### YOUR INSTRUCTIONS
Your job is to give again, exactly and with no additions, the lines in the records below from the one with "Ba o con baldas" through the one with "ポインタ沈黙マンハッタンAmpersand Fine Candles(アンパサンド", both included. Omit the pictures.

### THE DATA
-=-=-=-=-
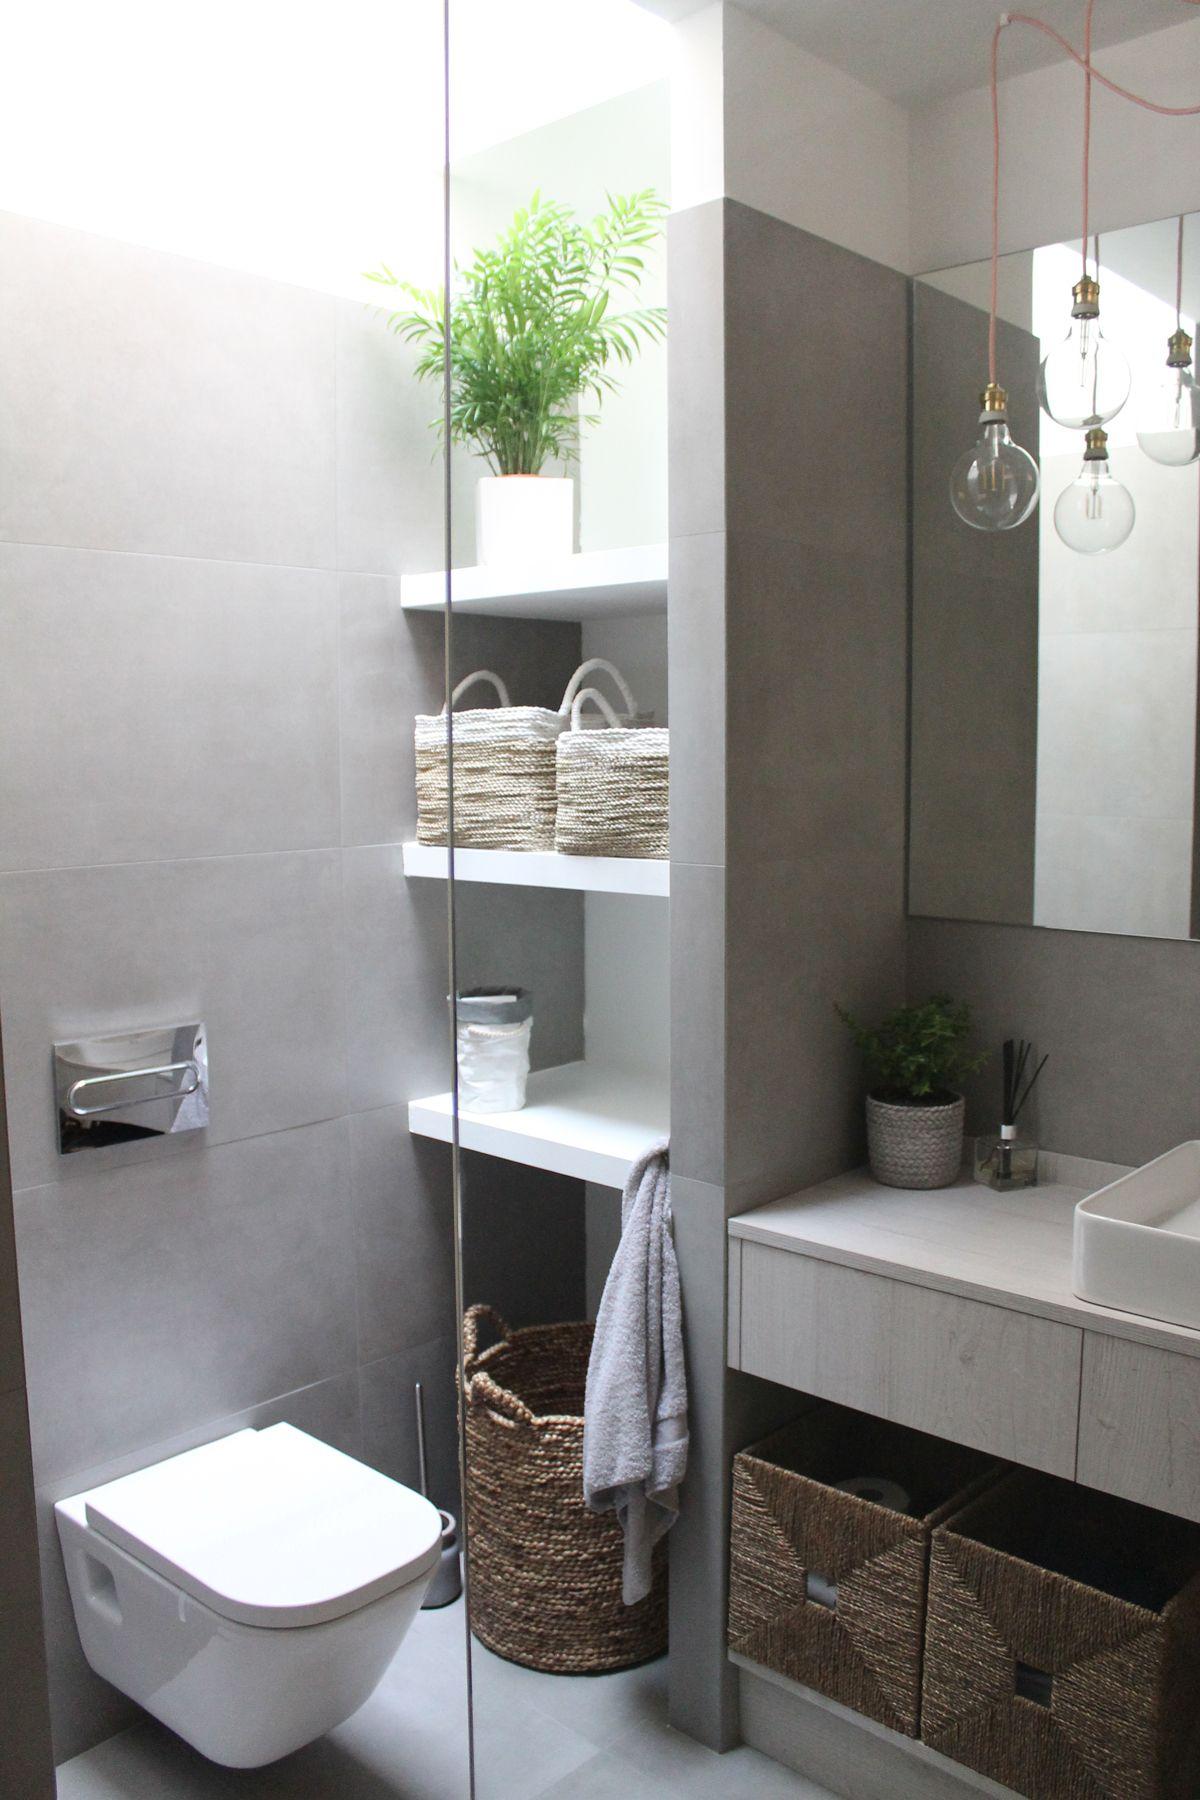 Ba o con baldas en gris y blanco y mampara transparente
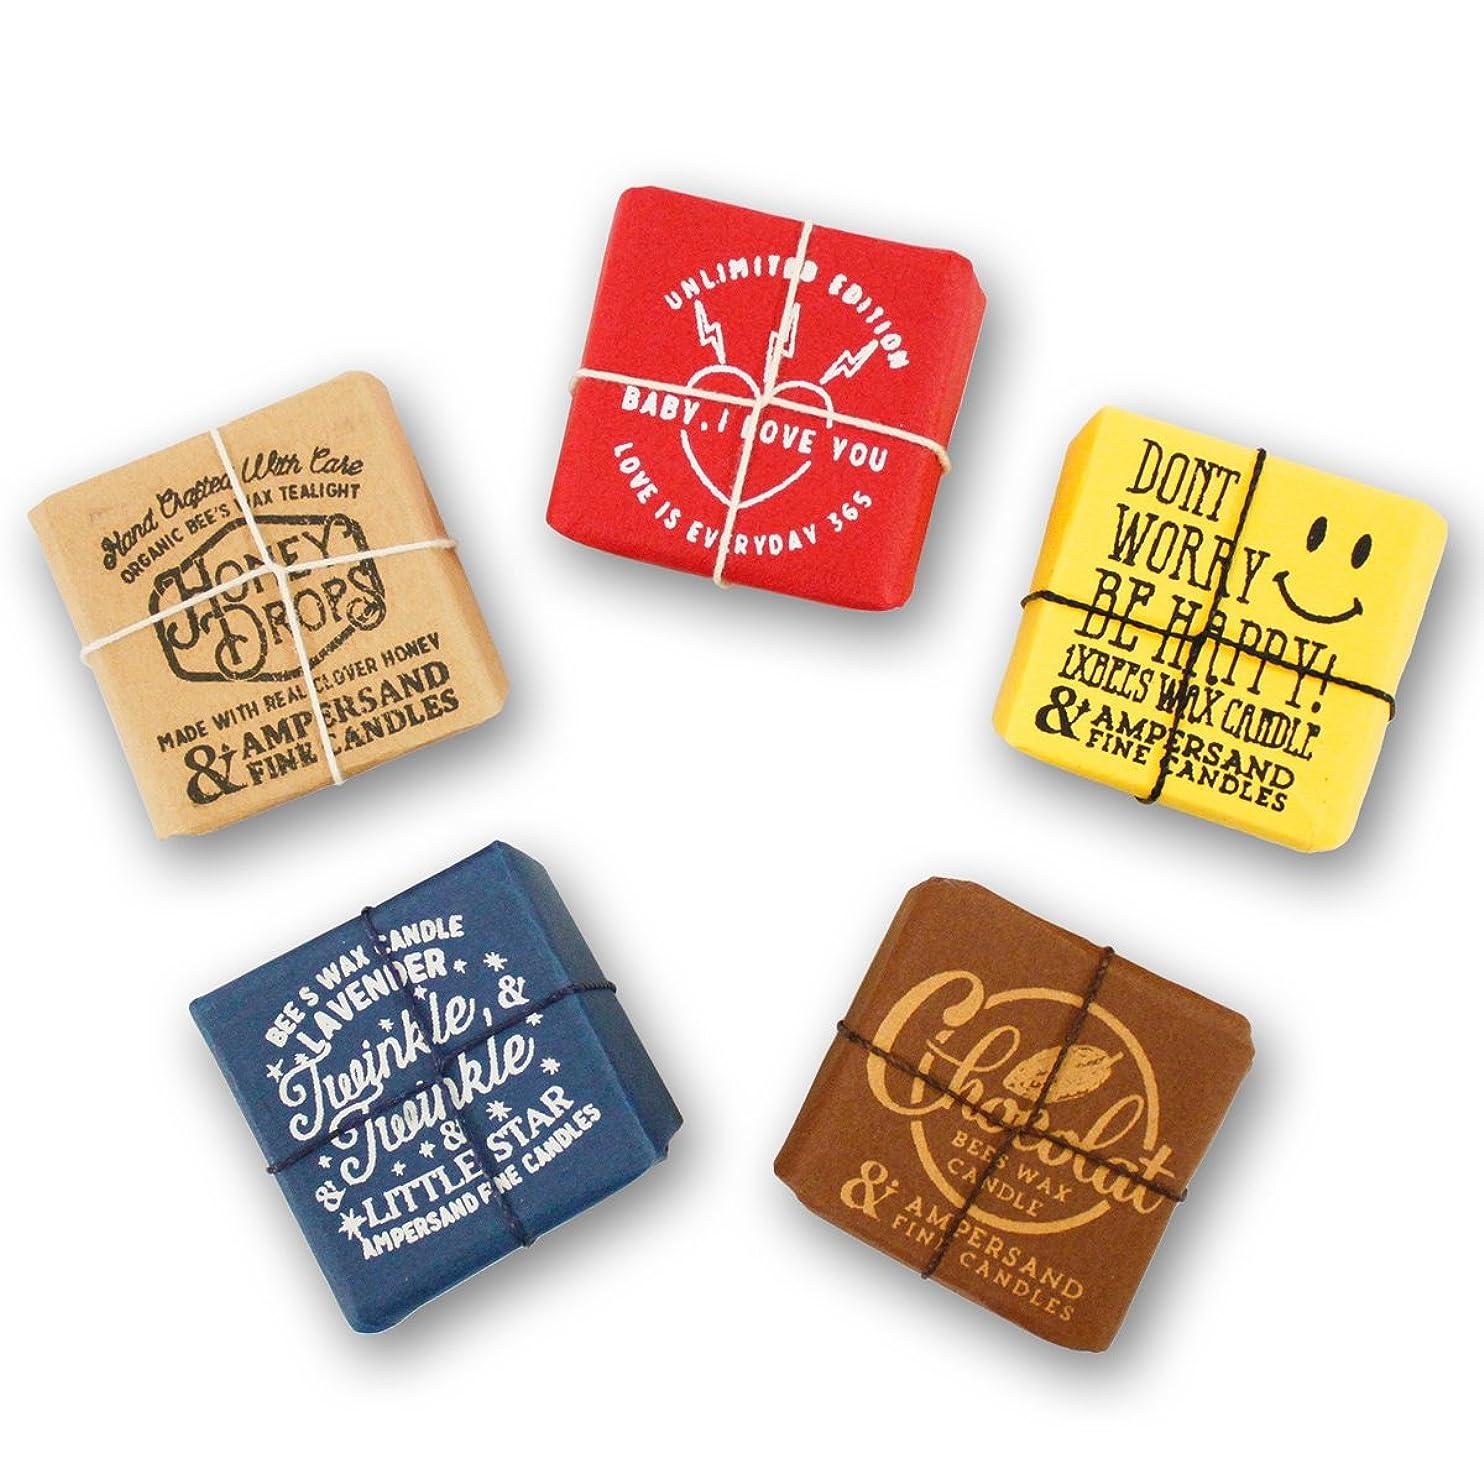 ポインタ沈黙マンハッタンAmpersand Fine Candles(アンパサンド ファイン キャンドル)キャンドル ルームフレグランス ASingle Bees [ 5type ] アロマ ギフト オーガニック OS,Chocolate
-=-=-=-=-
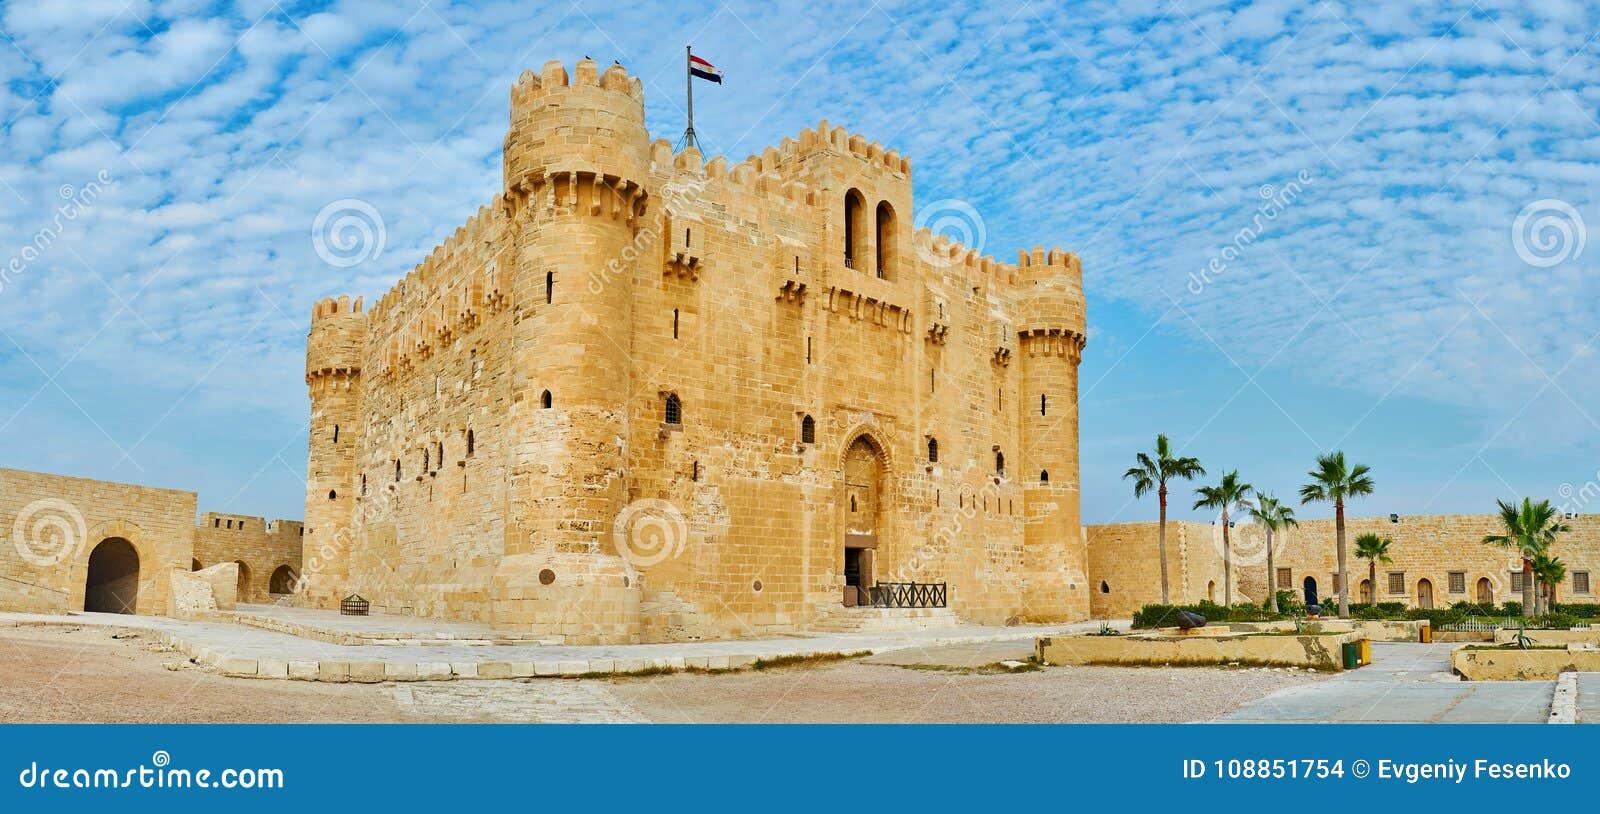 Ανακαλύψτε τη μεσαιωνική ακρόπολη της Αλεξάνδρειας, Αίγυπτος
-=-=-=-=-
### RESULT OF THE EXERCISE
 Ba o con baldas en gris y blanco y mampara transparente
 ポインタ沈黙マンハッタンAmpersand Fine Candles(アンパサンド ファイン キャンドル)キャンドル ルームフレグランス ASingle Bees [ 5type ] アロマ ギフト オーガニック OS,Chocolate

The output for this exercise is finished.